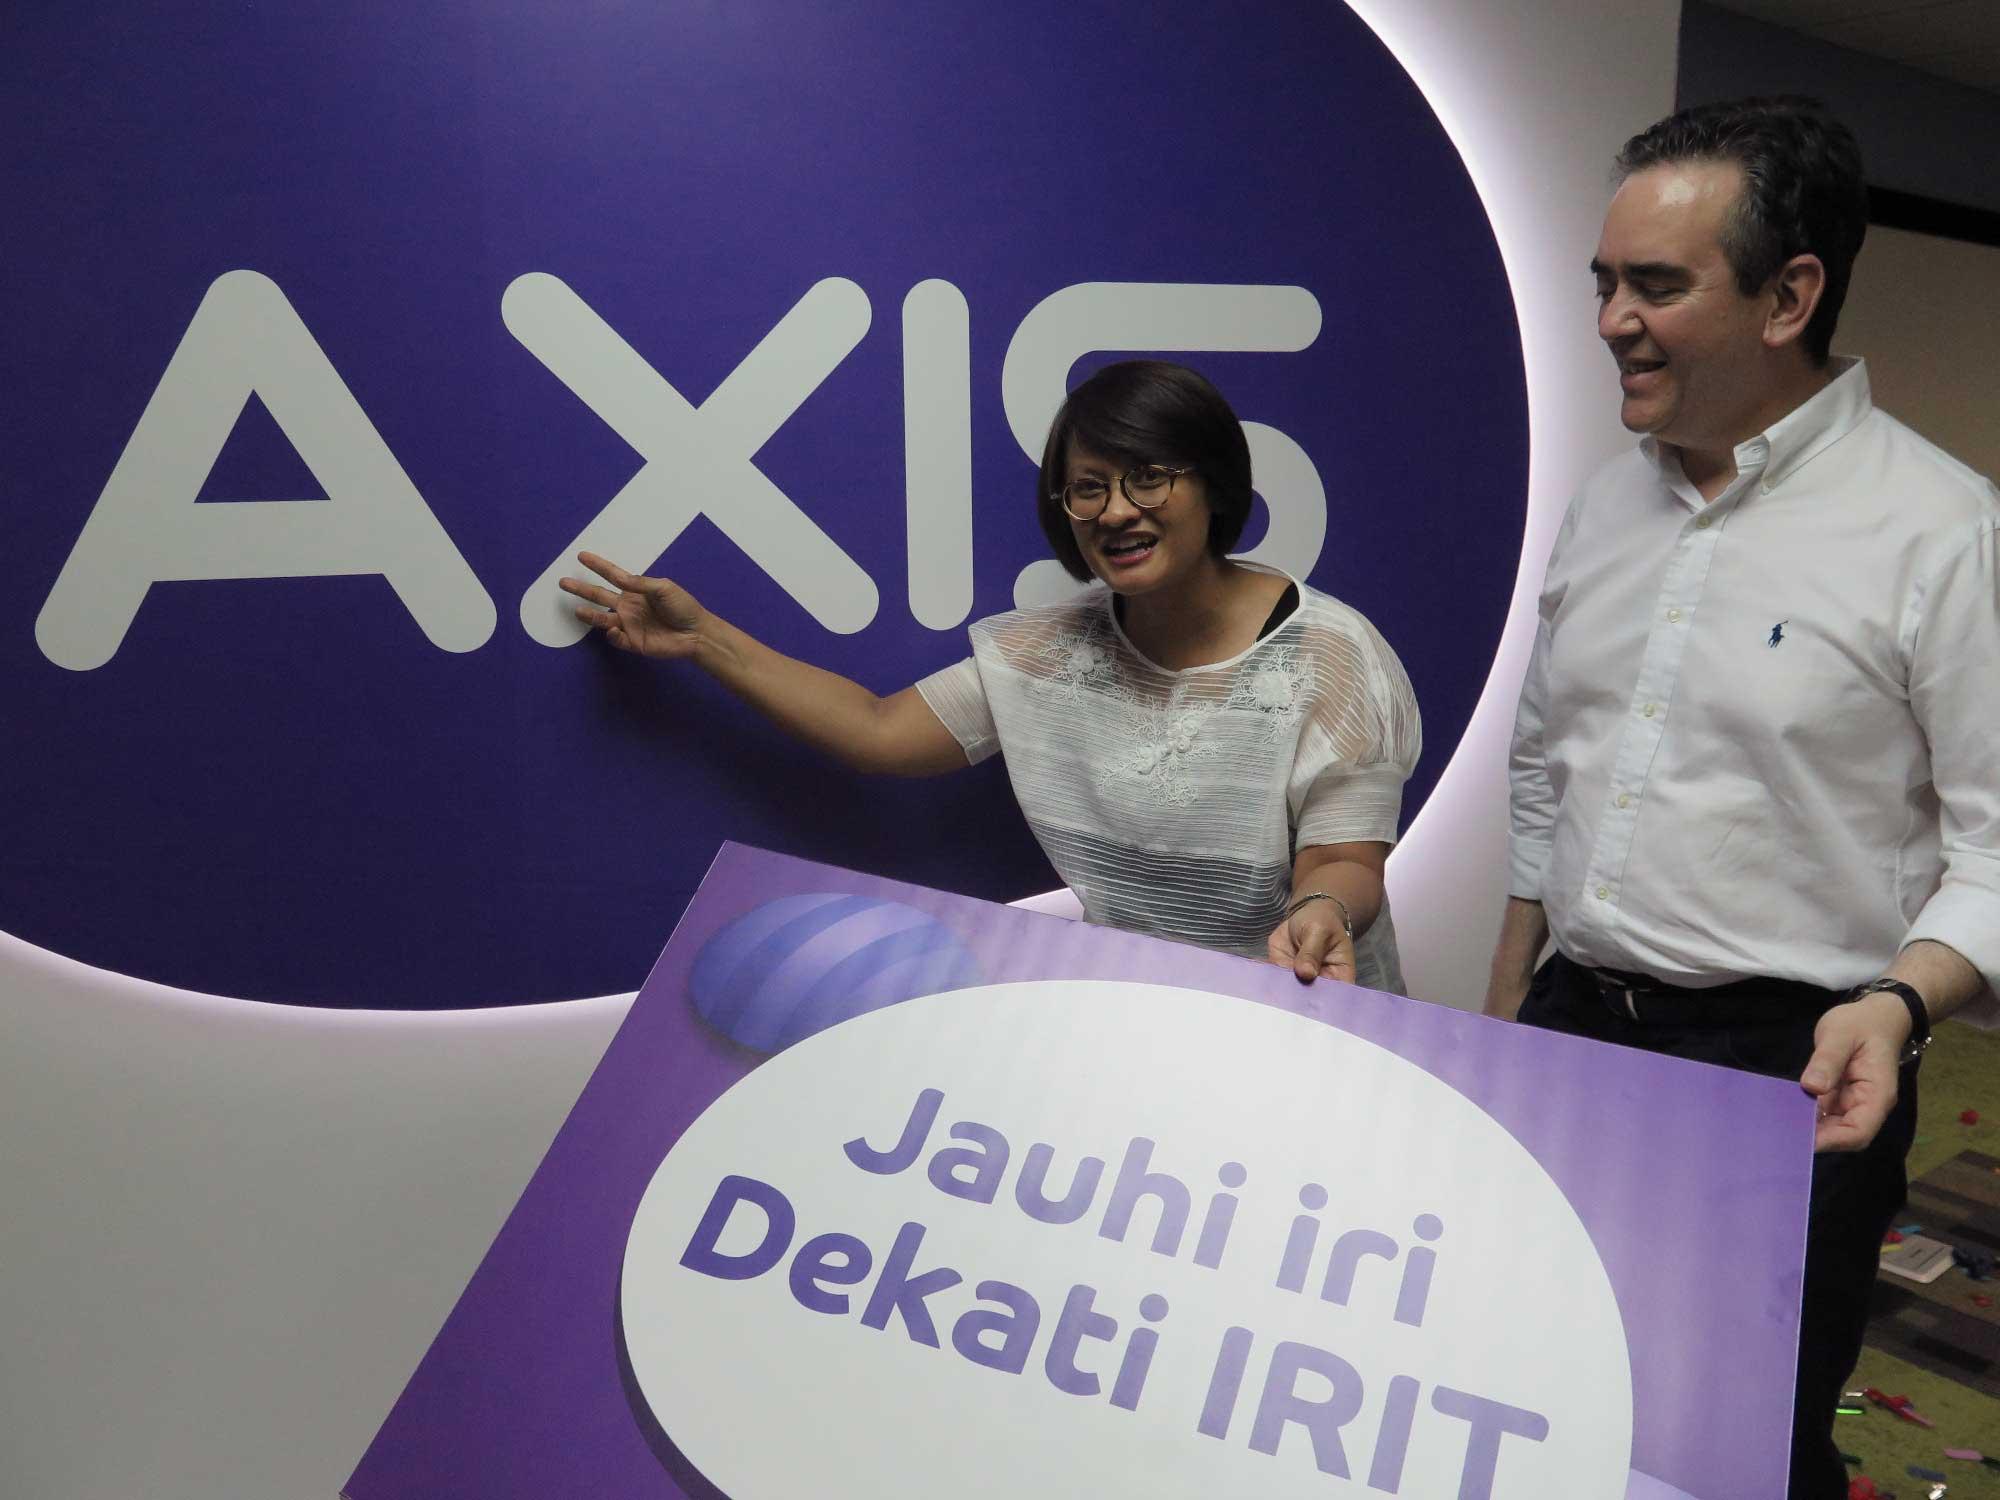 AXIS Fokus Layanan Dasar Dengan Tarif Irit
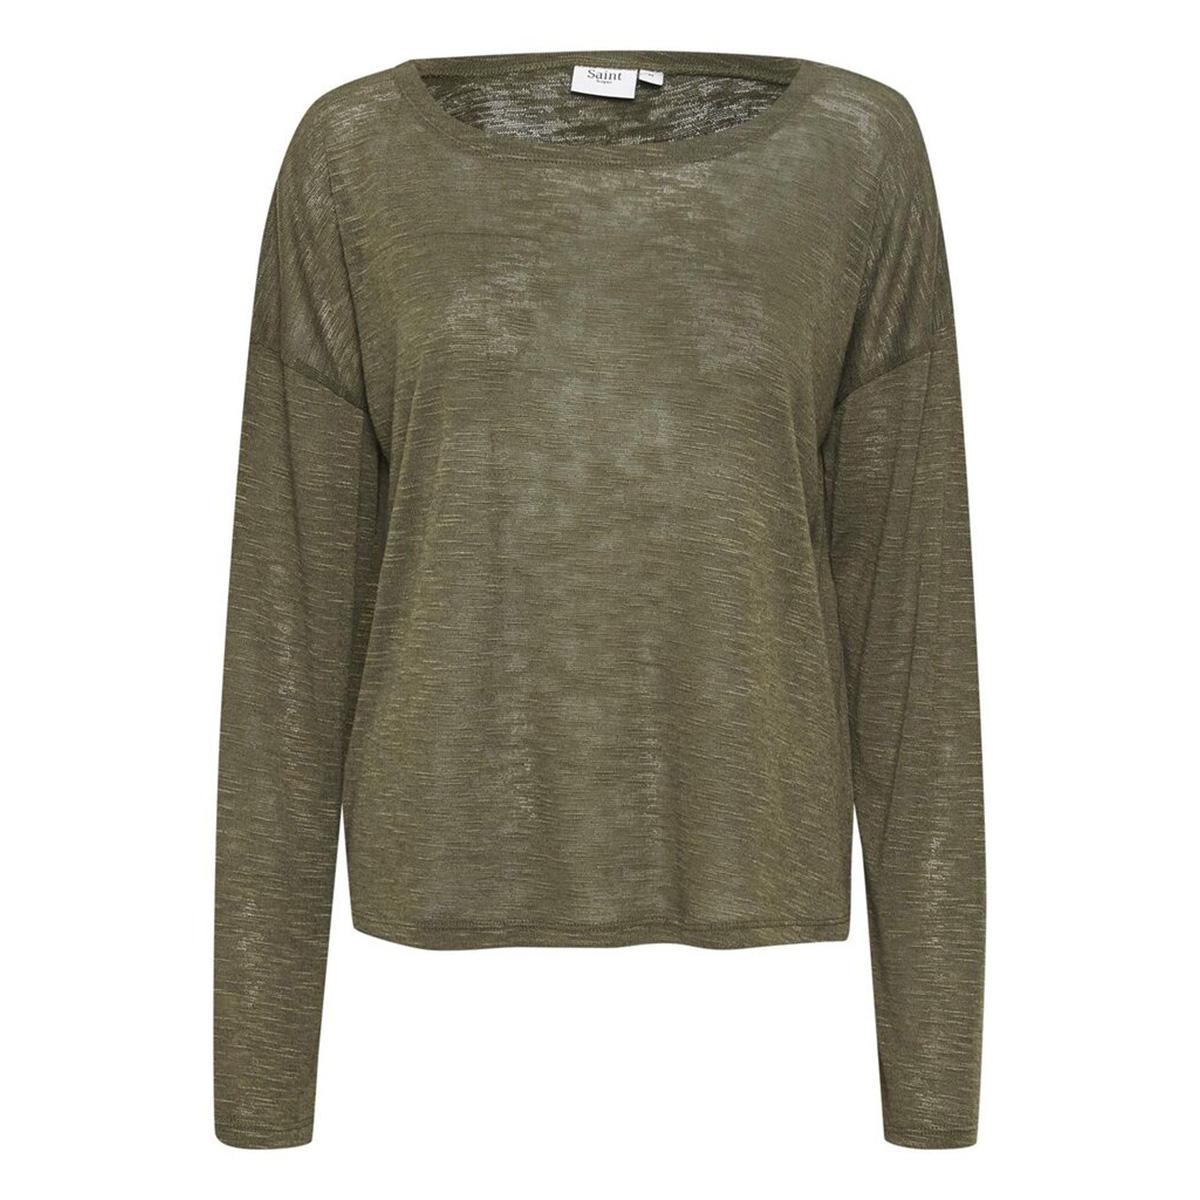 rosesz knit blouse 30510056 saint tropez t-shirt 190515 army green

::::::::

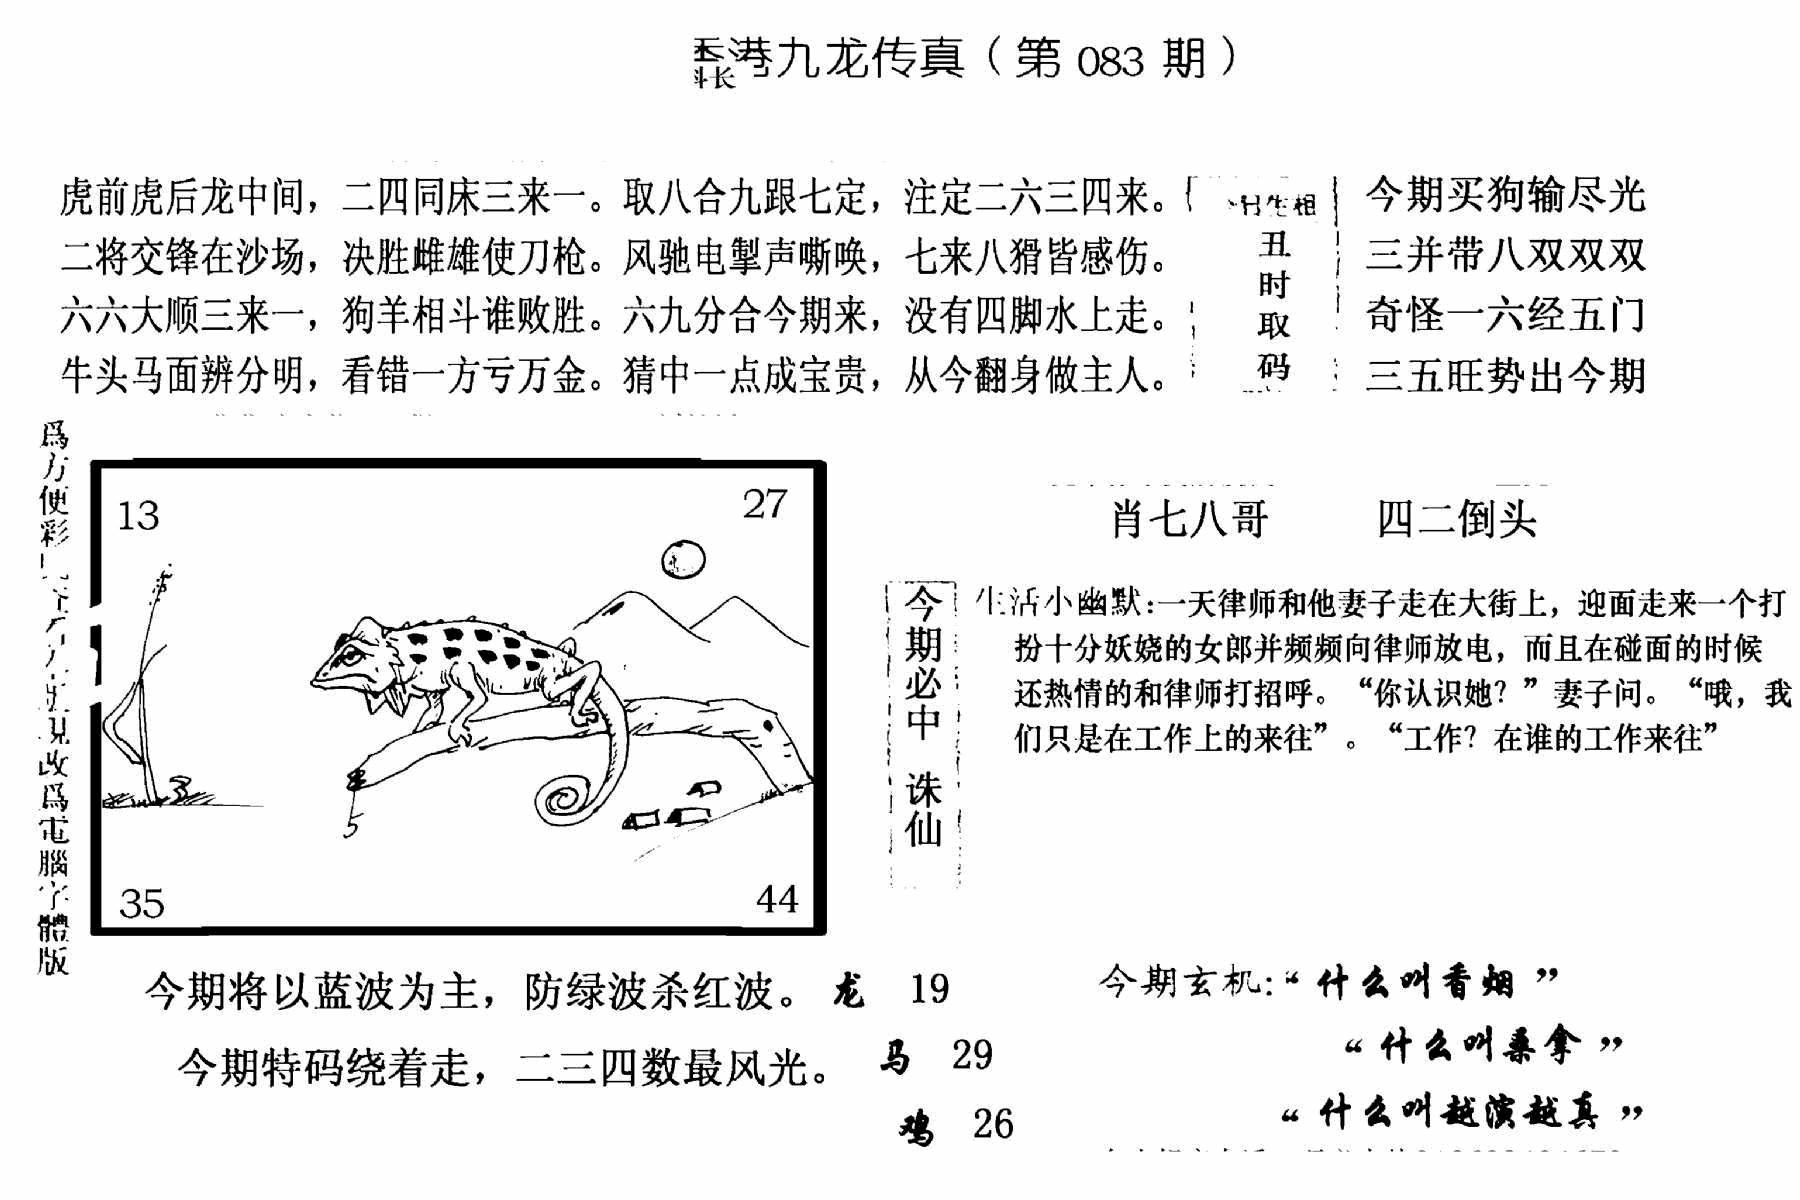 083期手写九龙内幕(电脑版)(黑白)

::::::::

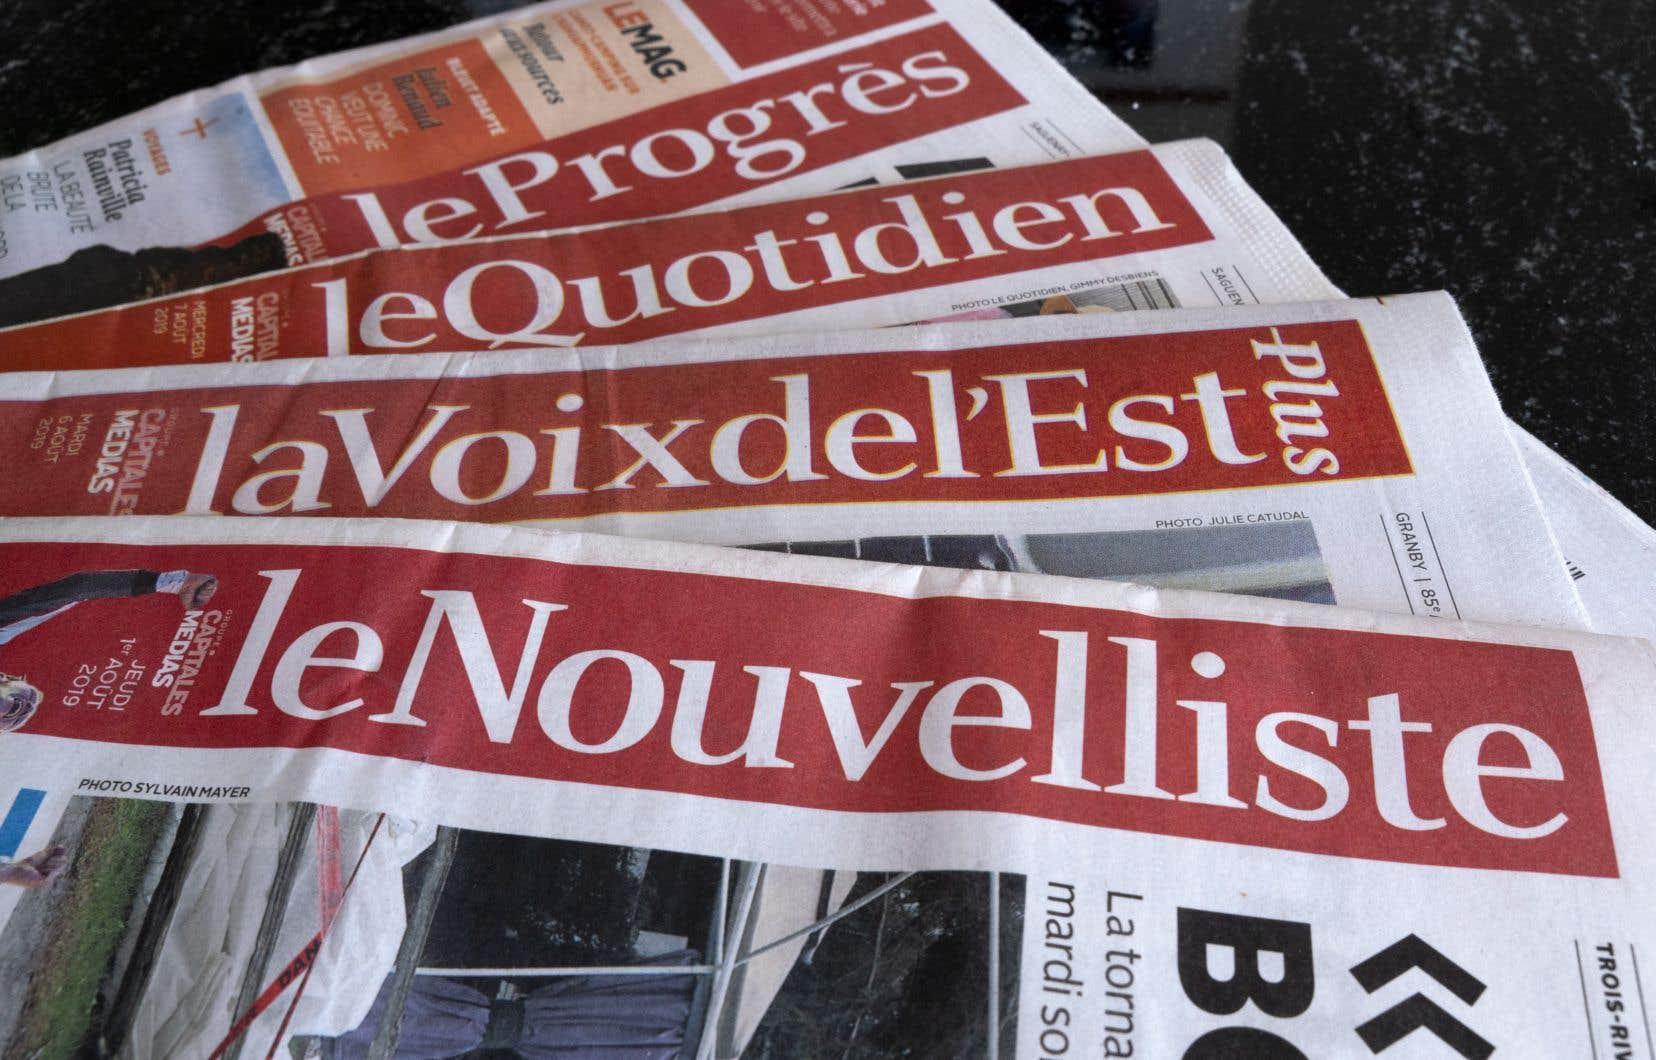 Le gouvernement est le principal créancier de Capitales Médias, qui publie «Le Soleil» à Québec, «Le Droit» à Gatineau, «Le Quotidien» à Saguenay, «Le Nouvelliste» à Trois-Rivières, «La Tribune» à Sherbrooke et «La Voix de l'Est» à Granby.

::::::::

* _WORK ORDER_
Above are the records; copy from them only the lines starting at the one containing "AXIS Fokus Layanan Dasar Dengan Tarif Irit" and ending at the one containing "rosesz knit blouse", exactly and without pictures.

* _COMPLETED EXERCISE_
 AXIS Fokus Layanan Dasar Dengan Tarif Irit
 rosesz knit blouse 30510056 saint tropez t-shirt 190515 army green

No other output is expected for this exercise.